Etude de l'infiltration lymphocytaire dans les syndromes parkinsoniens

par Vanessa Brochard

Thèse de doctorat en Biologie du vieillissement

Sous la direction de Étienne Hirsch.

Soutenue en 2008

à Paris 7 .


  • Résumé

    La maladie de Parkinson est caractérisée par la mort lente et progressive des neurones dopaminergiques (DA) de la substance noire (SN). Cette perte est associée à une réaction gliale et neuroinflammatoire potentiellement délétère. Notre hypothèse est qu'une infiltration lymphocytaire dans les zones lésées du cerveau jouerait un rôle essentiel dans la régulation de cette réaction et l'entretien de la dégénérescence des neurones DA. Nous avons pu montrer chez les patients parkinsoniens et dans un modèle expérimental de la maladie de Parkinson (souris intoxiquées par le neurotoxique MPTP), une augmentation du nombre de lymphocytes T CD8+ et CD4+, mais pas des lymphocytes B, dans la SN. Par ailleurs, des souris déficientes en lymphocytes T ou plus spécifiquement en lymphocytes T CD4+ sont partiellement protégées contre la toxicité du MPTP. Enfin, le rôle délétère de ces lymphocytes semble mettre en jeu la voie pro-apoptotique Fas/FasL, mais pas l'IFN-y. Concernant les modalités d'infiltration de ces cellules à travers la barrière hémato-encéphalique, nos données suggèrent une pénétration selon un mode actif, mettant en jeu diverses molécules d'adhésion telles qu'ICAM-1, et des molécules de chimioattraction telles que CCR1, CCR5, CXCR3 et leurs ligands respectifs. Au total, nos résultats proposent ainsi une réelle utilité à cibler le système immunitaire adaptatif dans une approche de stratégie thérapeutique pour la maladie de Parkinson

  • Titre traduit

    Lymphocyte brain infiltration in parkinsonian syndroms


  • Résumé

    Parkinson's disease (PD) is a neurodegenerative disorder characterized by a slow and progressive loss of dopaminergic neurons in the mesencephalon, associated with potentially deleterious glial reaction and neuroinflammatory processes.
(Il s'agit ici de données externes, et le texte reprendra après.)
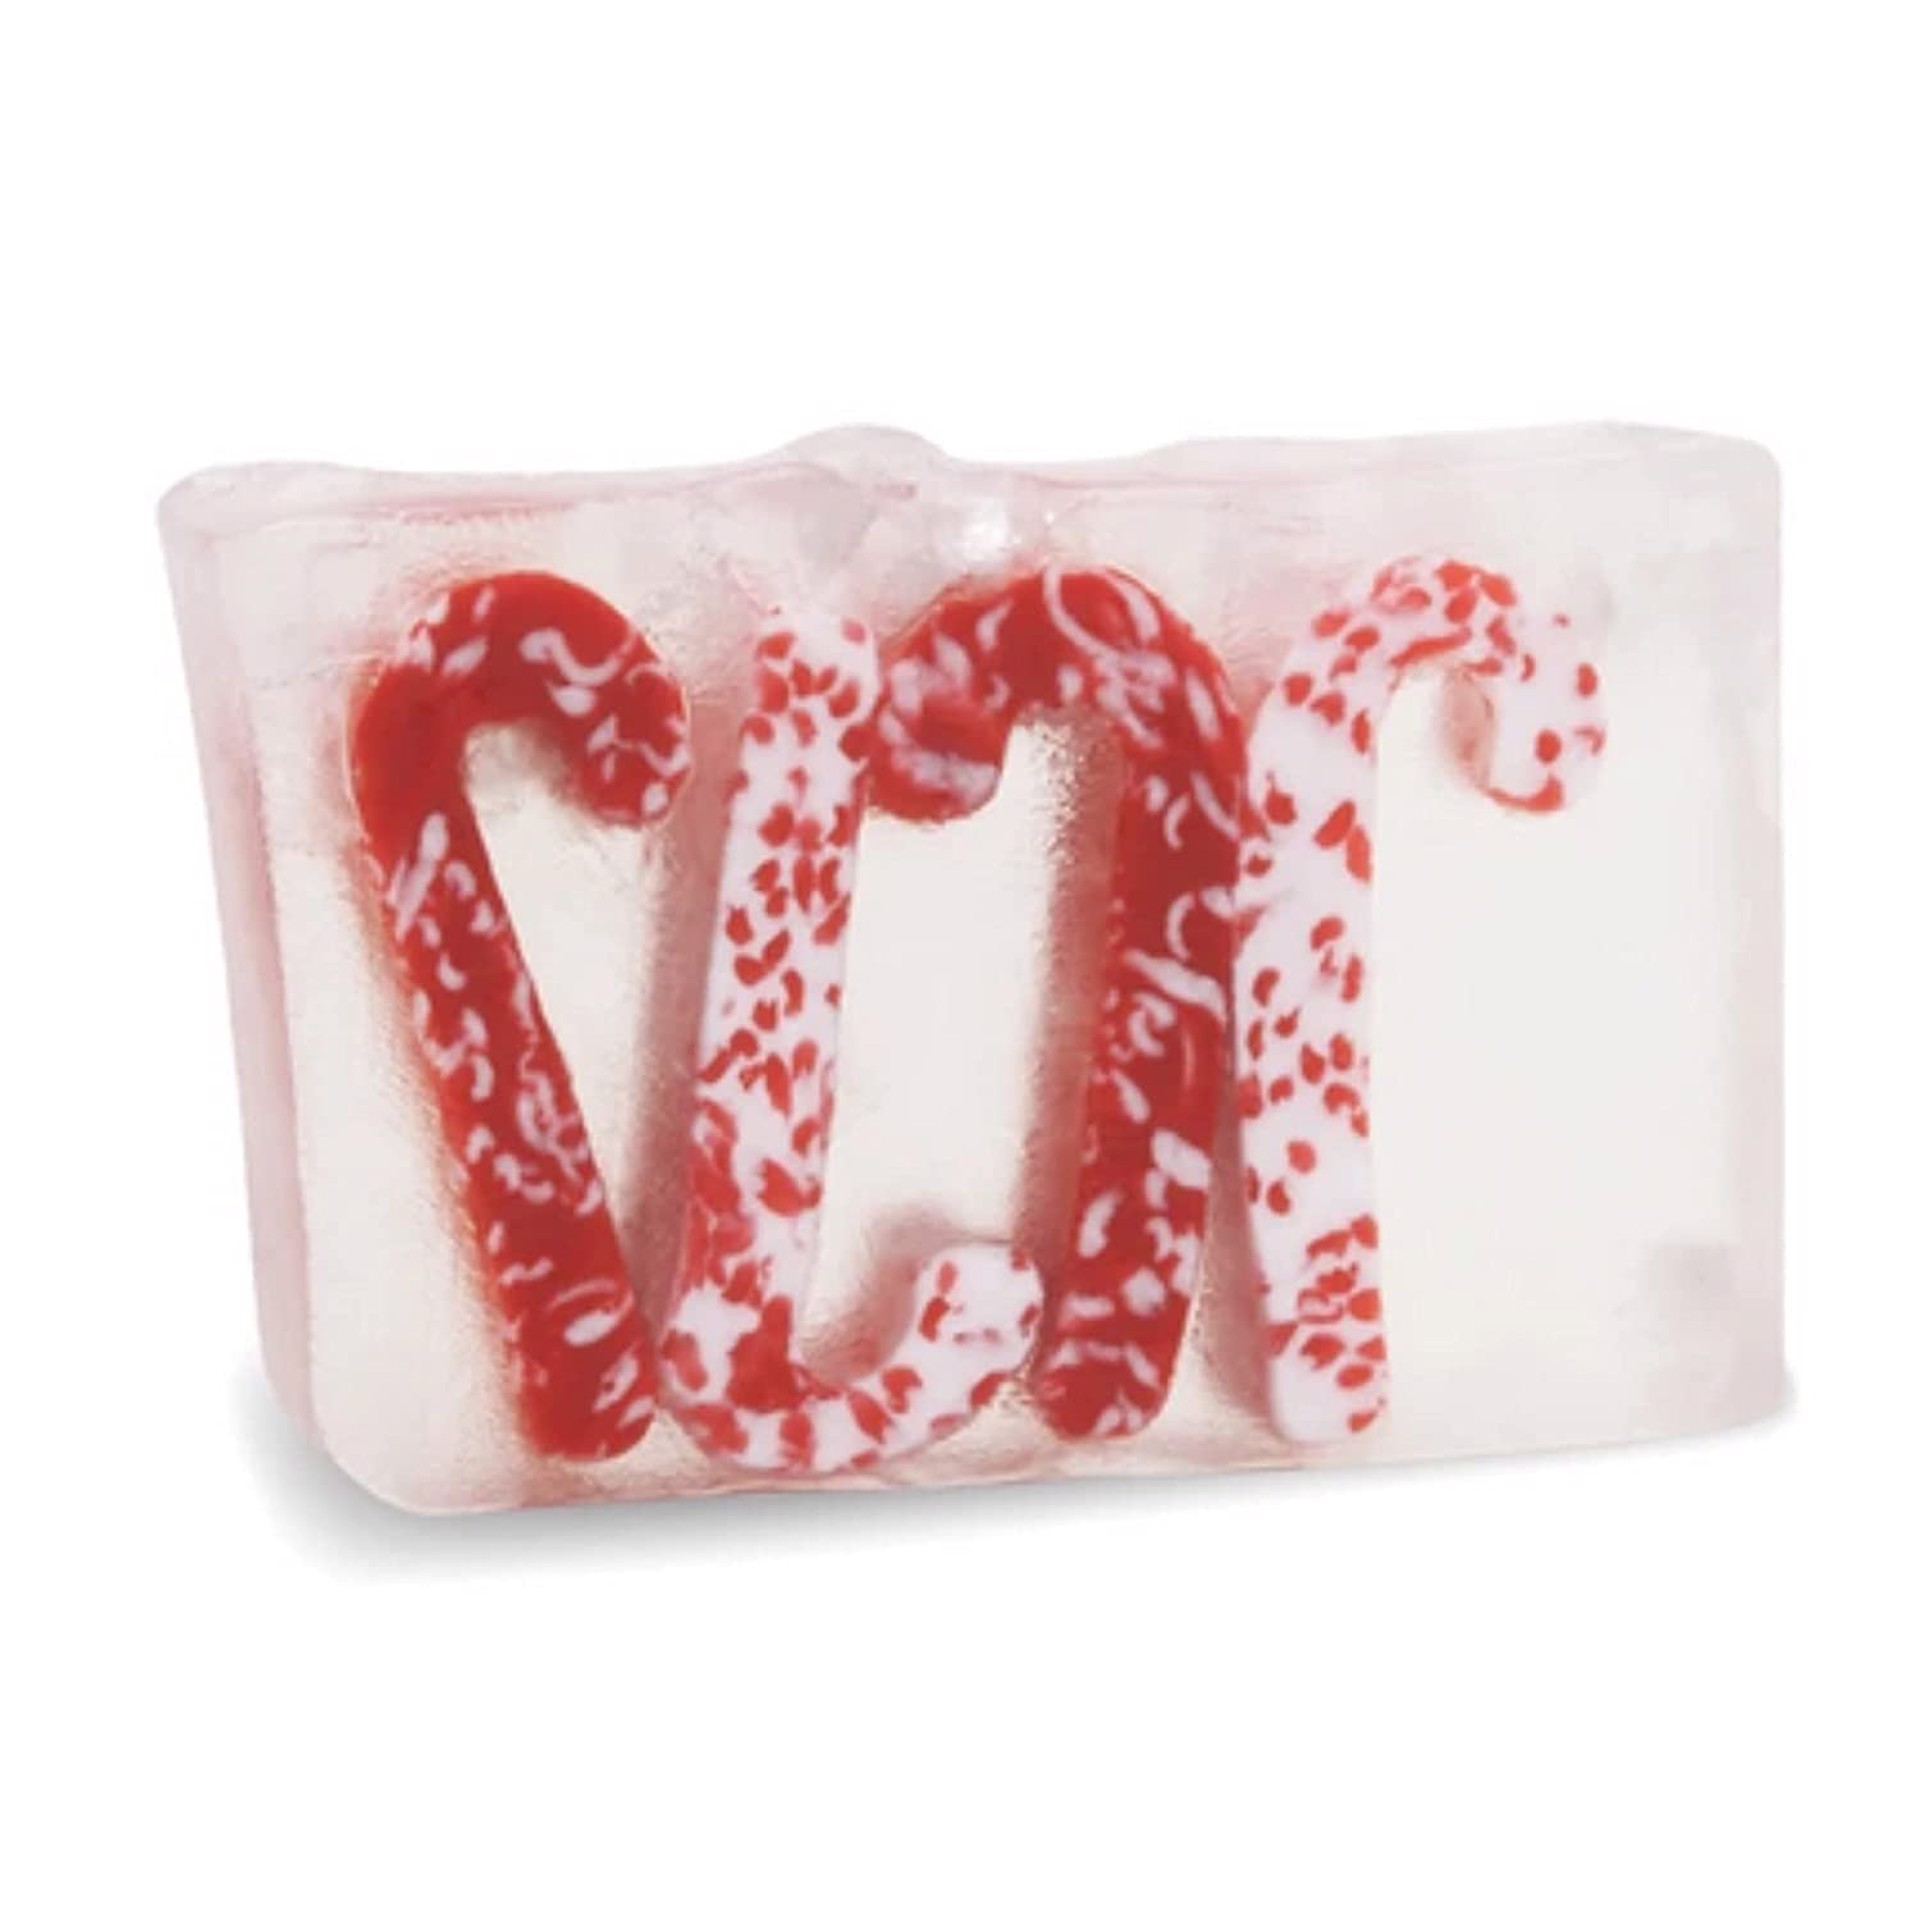 CANDY CANE:Handmade Soap by Primal Elements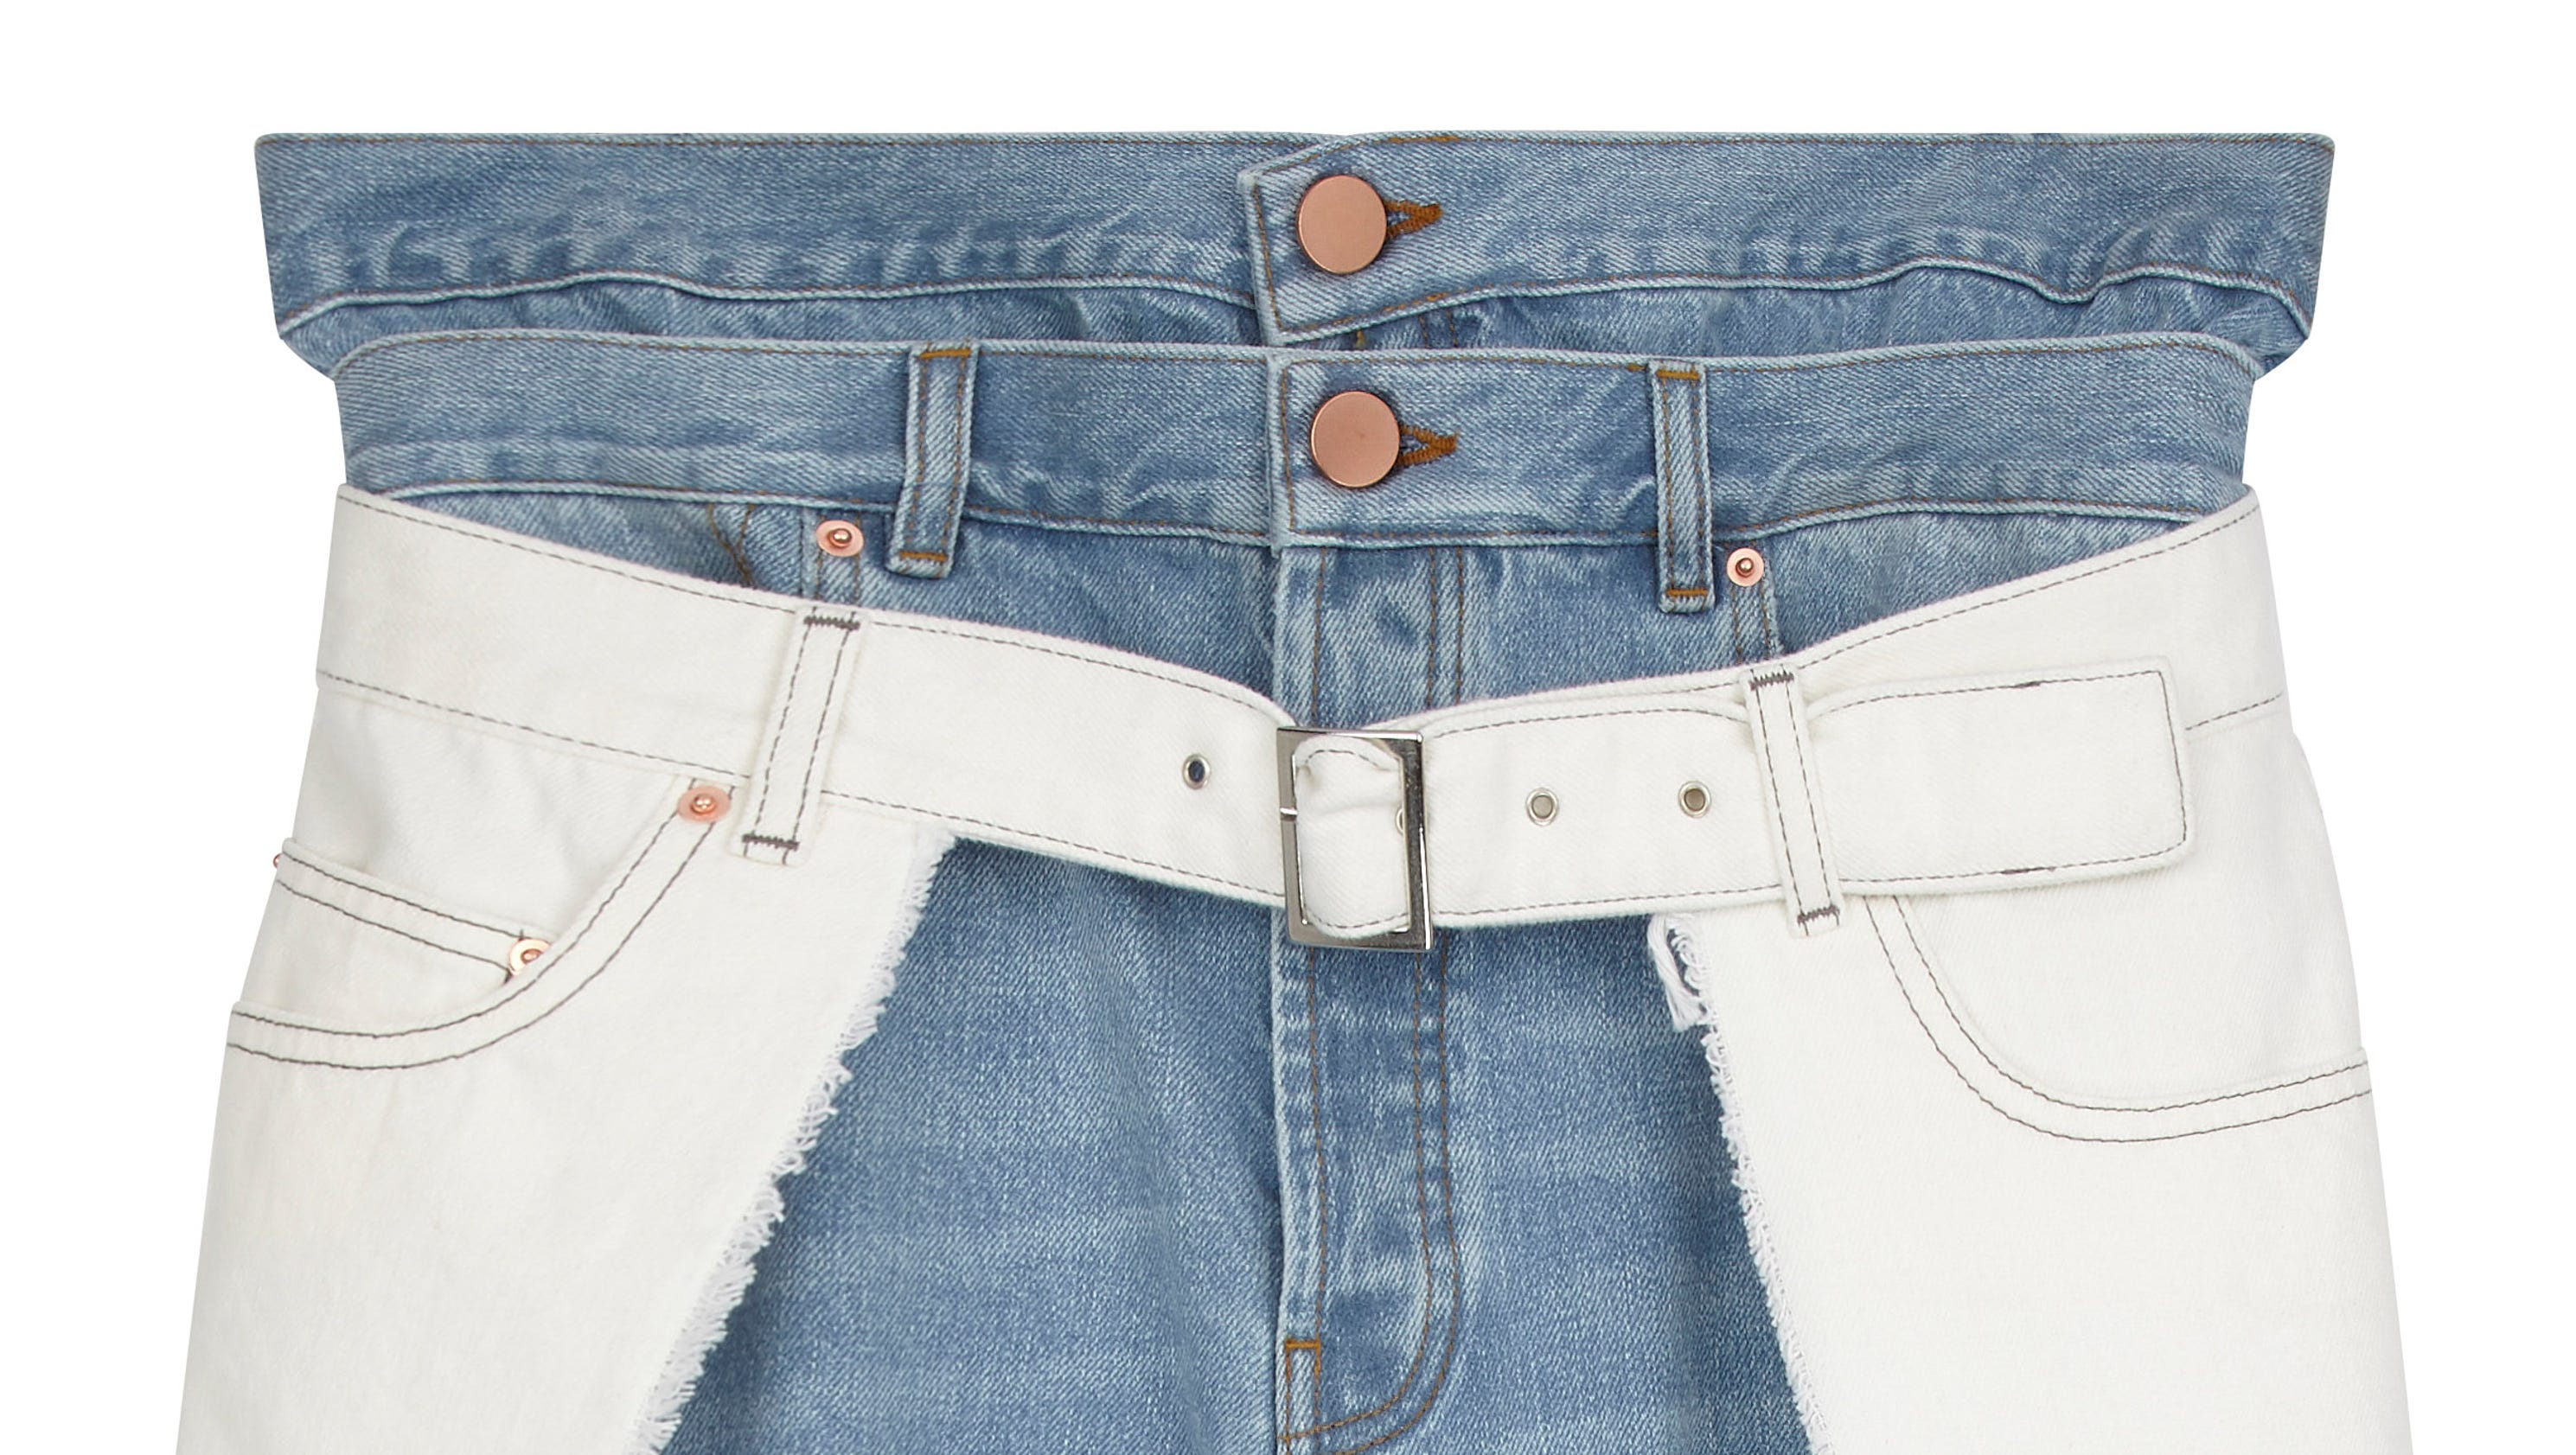 'Triple-waistband jeans' are the worst fashion trend of 2018

We have investigated whether a recruitment of circulating lymphocytes into the lesionned brain area could play a key role in regulating the glial reaction and in the maintenance of neuronal degeneration. We have shown that CD8+ and CD4+ T-cells, but not B-cells, invade the brain in postmortem PD specimens and in the l-methyl-4-phenyl-l,2,3,6-tetrahydropyridine (MPTP) mouse model of PD during the course of neuronal degeneration. We have further demonstrated that removal of mature T lymphocytes or CD4+ T cells markedly attenuates MPTP-induced dopaminergic cell death. Importantly, T-cell-mediated dopaminergic toxicity requires the expression of Pas ligand but not IFN-y. Regarding the mechanism of lymphocyte entry through the blood-brain-barrier (BBB), our data suggest an active process of entrance involving adhesion molecules such as ICAM-1, and chemoattractant factors such as CCR1, CCR5, CXCR3 and their respective ligands. Altogether, our data provide a rationale for targeting the adaptive arm of the immune System as a therapeutic strategy in PD.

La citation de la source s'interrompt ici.